While numerous articles offer quick tips to enhance your async JavaScript performance using extra Promise API features, this discussion focuses on how program structure tweaks can lead to significant speed improvements. By optimizing your code, you could potentially achieve 1.9x or even 14x speed boosts.

I believe the untapped performance potential in asynchronous JavaScript features is due to the V8 engine not providing the expected level of optimization for these features; and there are a few key indicators that suggest this possibility.

Context

You can skip this section if you want, but here's a brief overview of the context. I've been working with a bnf-parser library that currently needs a complete file to be loaded for parsing it into a BNF-specified syntax tree. However, the library could be refactored to use cloneable state generators, which output file characters sequentially and allow for copying at a specific point to resume reading later.
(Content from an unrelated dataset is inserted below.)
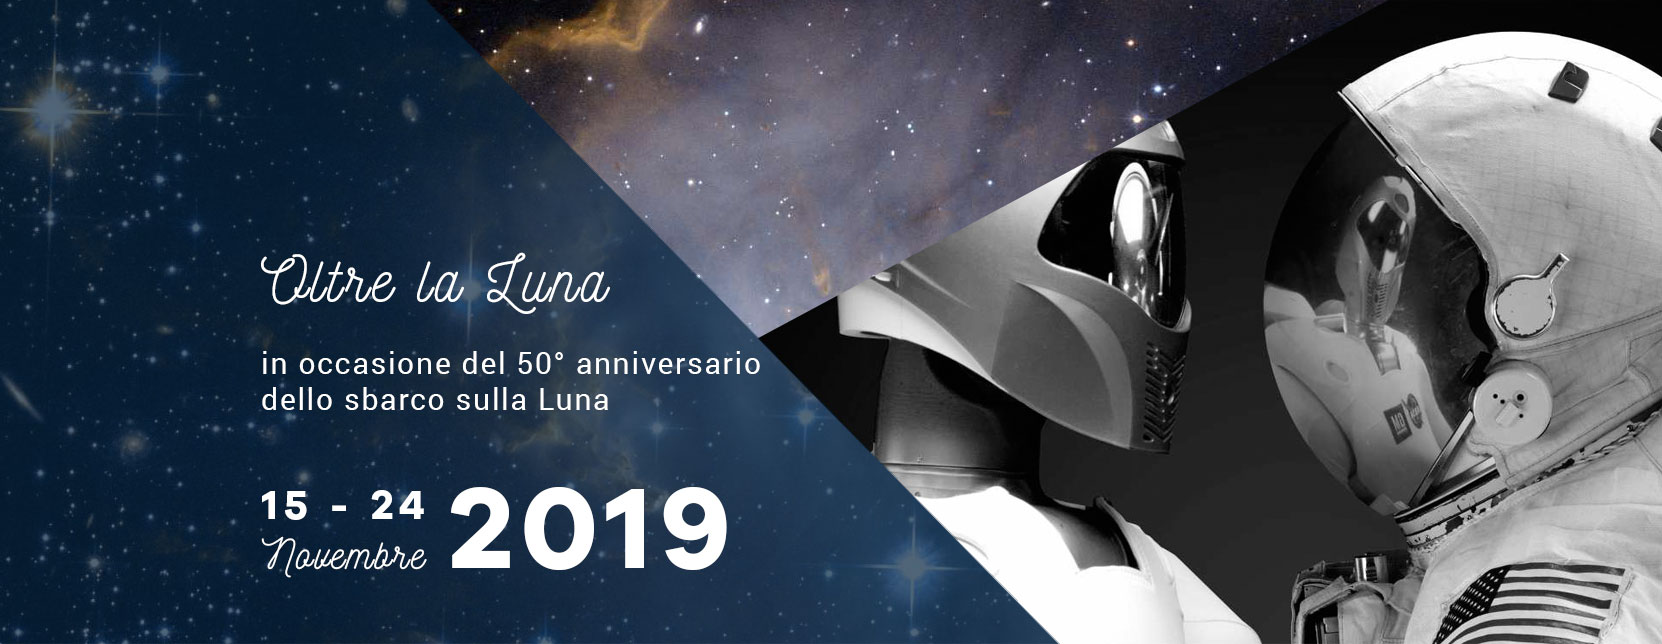 festival scienza verona 2019 - Oltre la Luna

So I tried to implementing it in Javascript be able to parse large +1GB files into partial syntax trees for processing large XML, just partly for fun, partly because I know also soon I'll need to be implementing something similar in a lower level language and this could be good practice.

The Case Study

I aimed to create a layer between the readable data stream from disk and allowing iteratively calling forward for small text portions with limited backtracking. I implemented a Cursor that iterates forward, returning the passed-over characters as a string. Cursors can be cloned, and clones can independently move forward. Importantly cursors may need to wait for data currently streamed to become available before returning the next substring. To minimize memory usage, we discard unreachable data - implementing all of this into a async/await pattern to avoid complex callback chains or unnecessary event loop blocking.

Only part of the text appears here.